Trail Marking

My recent email to the Project Manager of the UNDP KRTEP Project (gotten rid of when the project was extended):

I meant to ask you how you felt about the trails project?  The fact that what was supposed to be a 150,000 euro project got disappeared into some 9,000 euros of payment for work by locals, most of which hasn’t actually been paid.  I mean – I don’t know what happened to most of it, but the actual TRAILS part came down to two halves:  One for cleaning the trails, in which I think 6,000 euros was promised (but not paid), and the other half (3,000) for making signs, installing signs and marking all the trails, which certainly hasn’t been paid.  Alfred got put on the line for all of this.  The corrupt local gov. family had the tender, and that’s what they were willing to pay, or SAID they would.  So Alfred rallied all the locals and got them to do the work cleaning trails.  Even when his direct family offered to do the work, he said no, it’s good pay for local people, but I don’t think the local contractor actually paid Alfred, but Alfred paid the workers.

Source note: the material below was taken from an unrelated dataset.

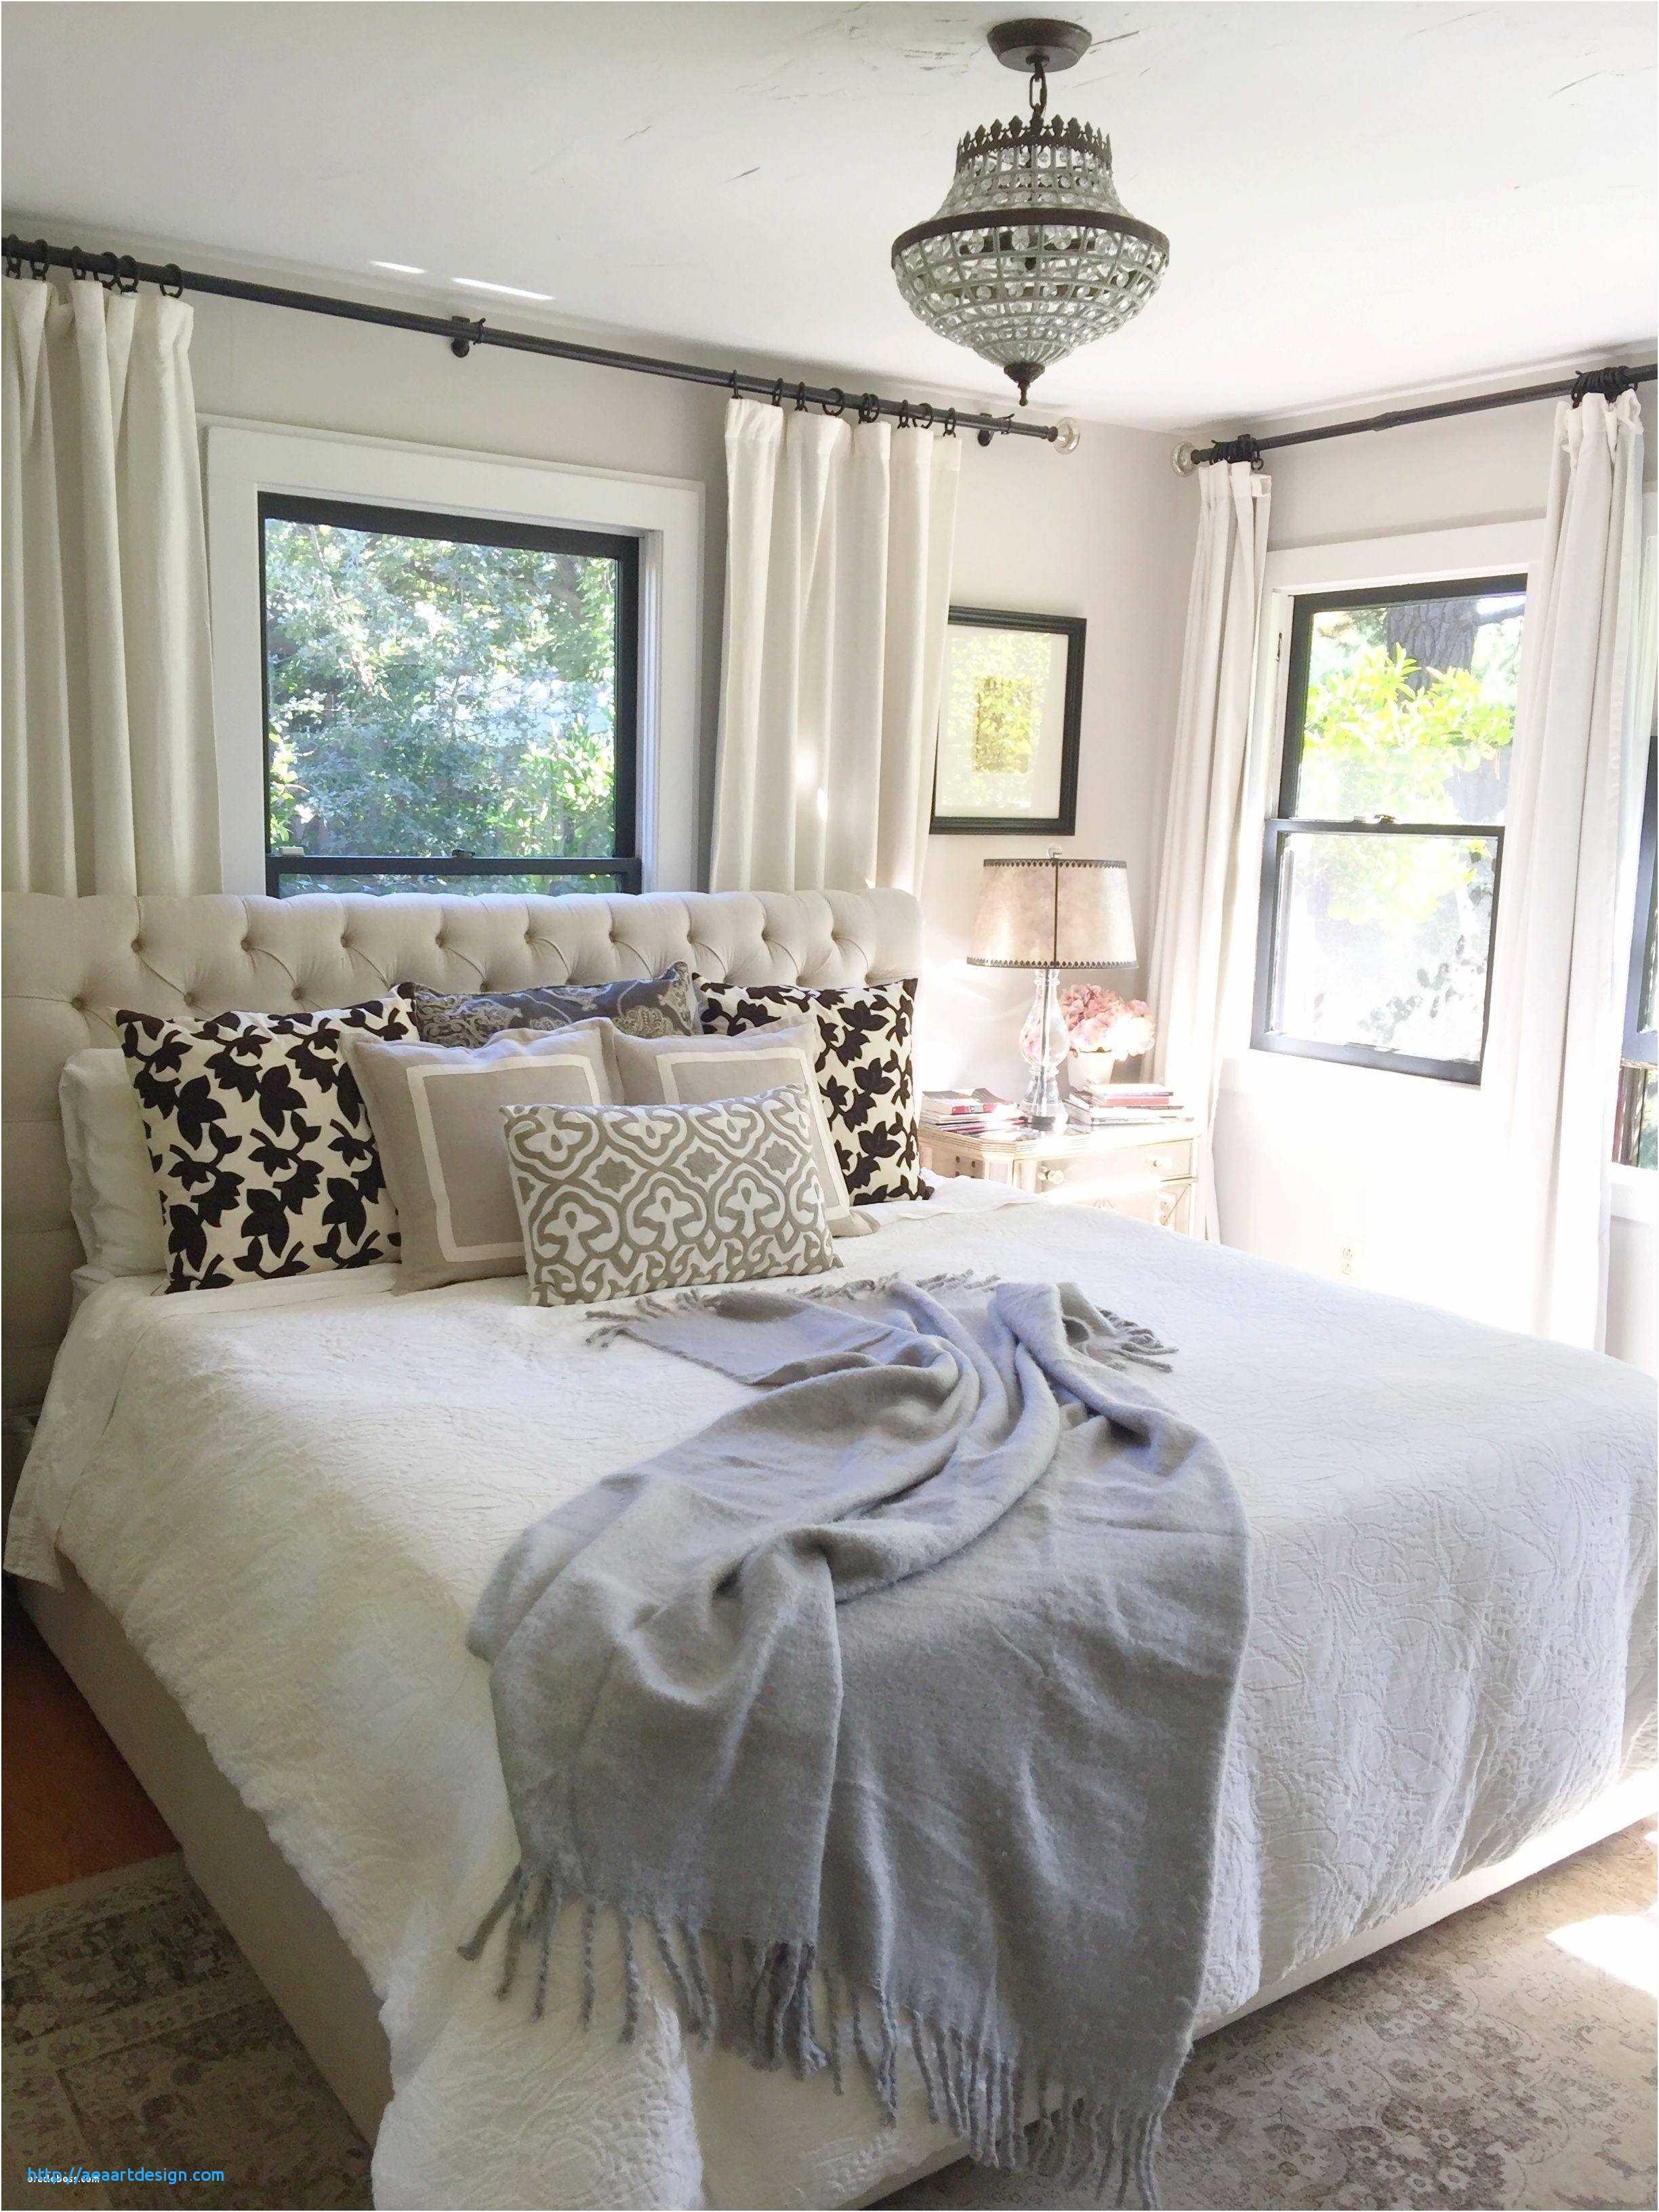 Luxury Romantic Cozy Master Bedroom New Romantic Master Bedroom Decorating Ideas

Then there was the sign making, which of course I did – and happy to do it, except of course I would like it if someone said “How amazing that you will do all of this for free”, instead of which Mika – who turned out to be one of the biggest idiots ever – said “Hey!  We’re paying 500 euros!” (and when I looked incredulous, her son, who was along for the ride, said “that’s right! 500 big ones!” Which of course works out to 20 euros per sign for a trail head, and NOTHING for the junction signs).  And of course doesn’t include anything for the expedition required by horse to carry the signs some two day hikes and install them.  I suppose we should have told them to go see what they could get done for that price, but we were too worried about the shoddy work they’d already turned in.  For me, the biggest insult was probably having to play along with this venal stupidity!  Stupid, stupid.  In the end, as I think I said to you before, I’m just glad that they didn’t interfere that much with the work that Alfred and I were trying to do, before UNDP ever heard of the project.  What we’ve made is beautiful, and something to be proud of – and we can honestly say we’ve had no real help with it . . . . so people still contribute.

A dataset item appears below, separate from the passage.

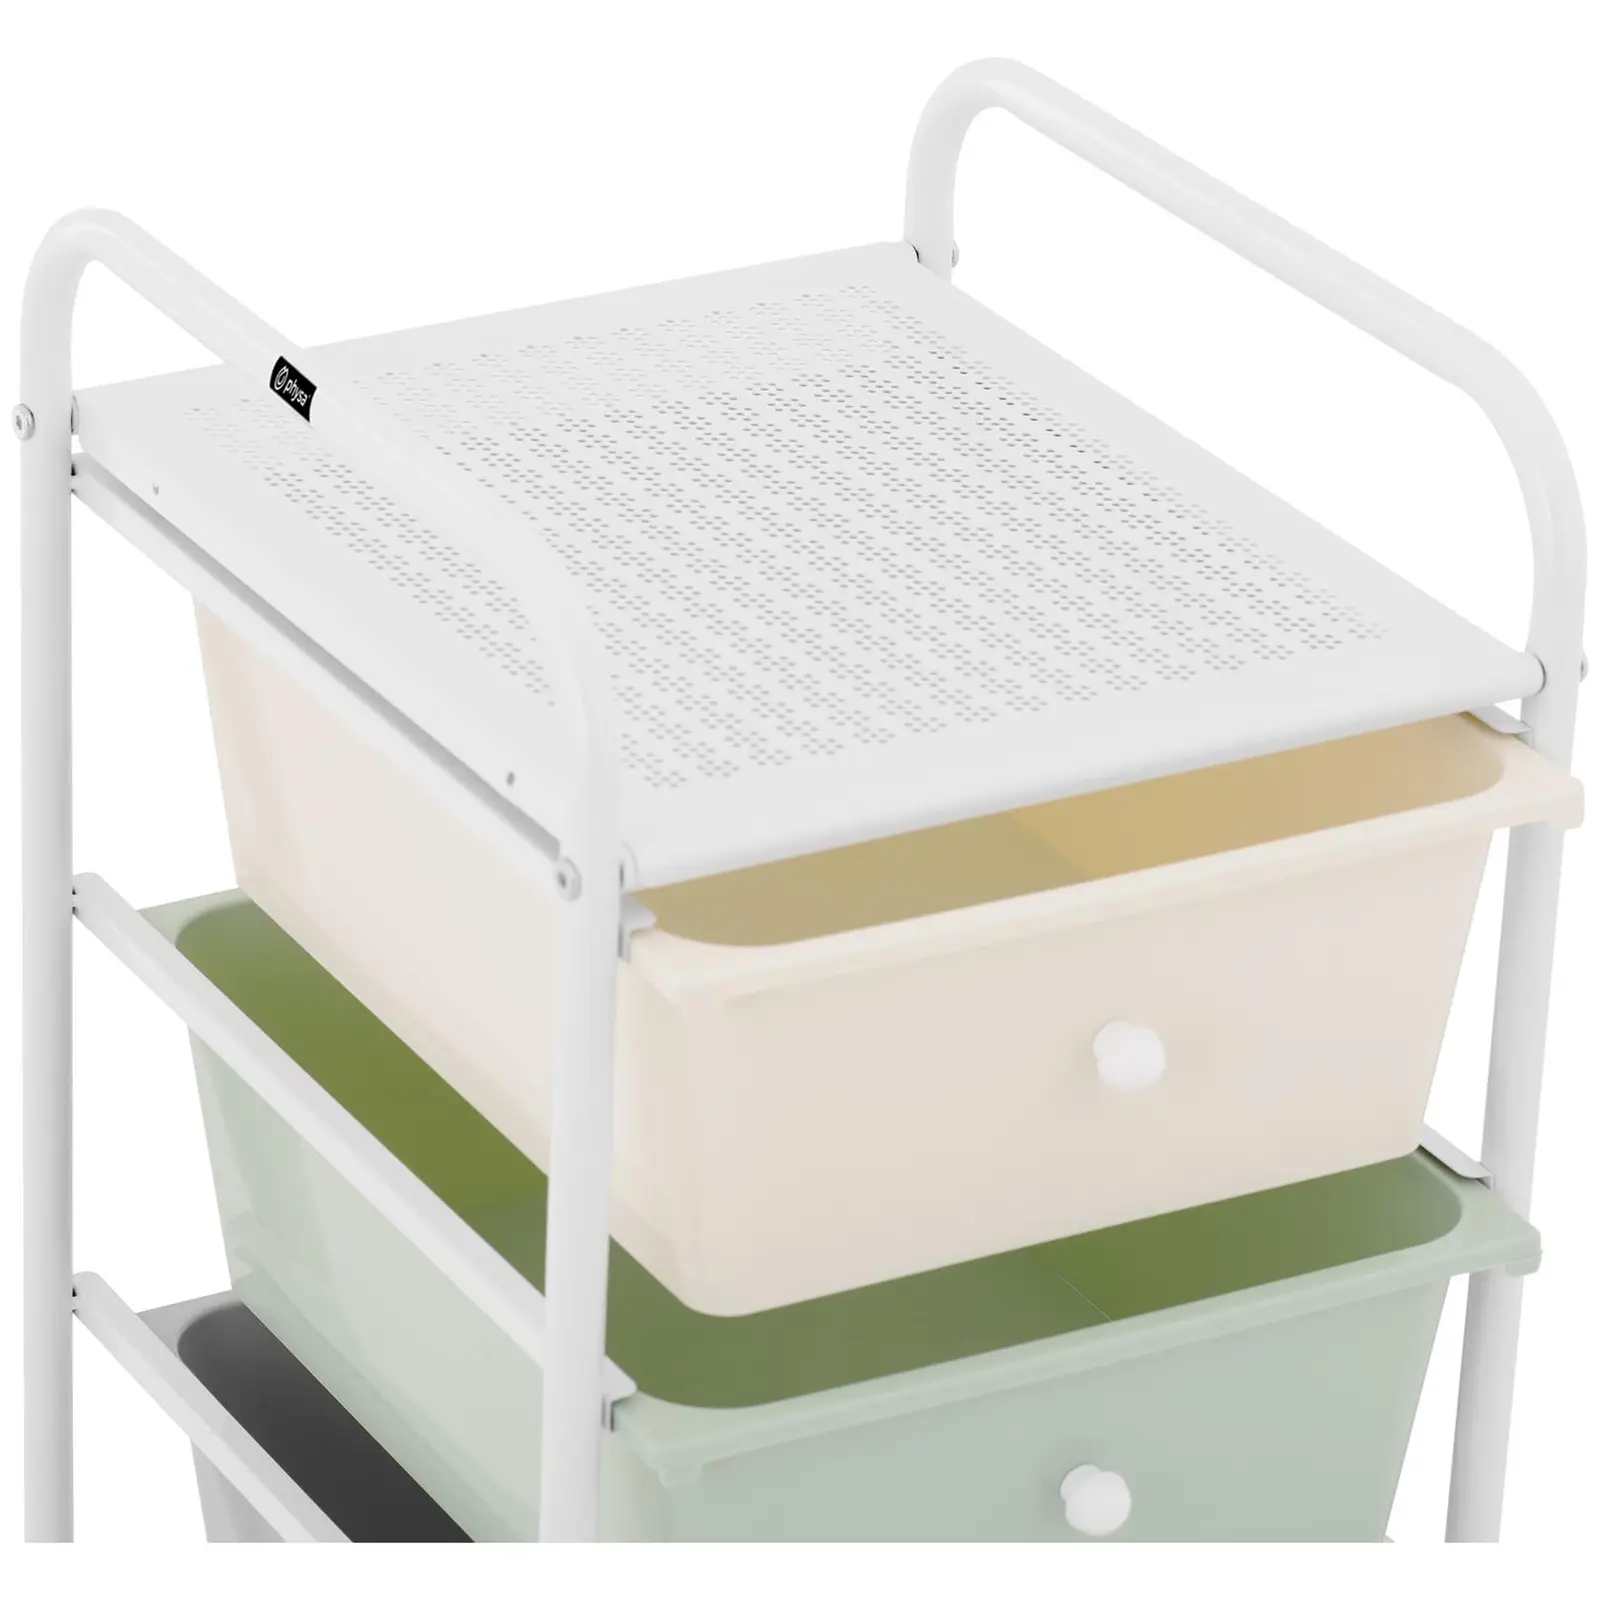 Korivaunu - kylpylä - 4 laatikkoa - vihreä/harmaa/vaaleanpunainen/kermanvärinen

 The local contractor who got the tender has built a new “pallati” in Bajram Curri – so I’m not surprised he doesn’t have any money to pay for trail marking.  We wish him well, and well alone, of course.
I suppose all this foreign aid is presumed against things working by some foreign system – which works well enough, if your only criteria is making money disappear.  Working to a local system, of money paid for work done . . . . well, someone’s laughing somewhere, and I guess all we can say is:  Seems expensive for a fairly simple joke.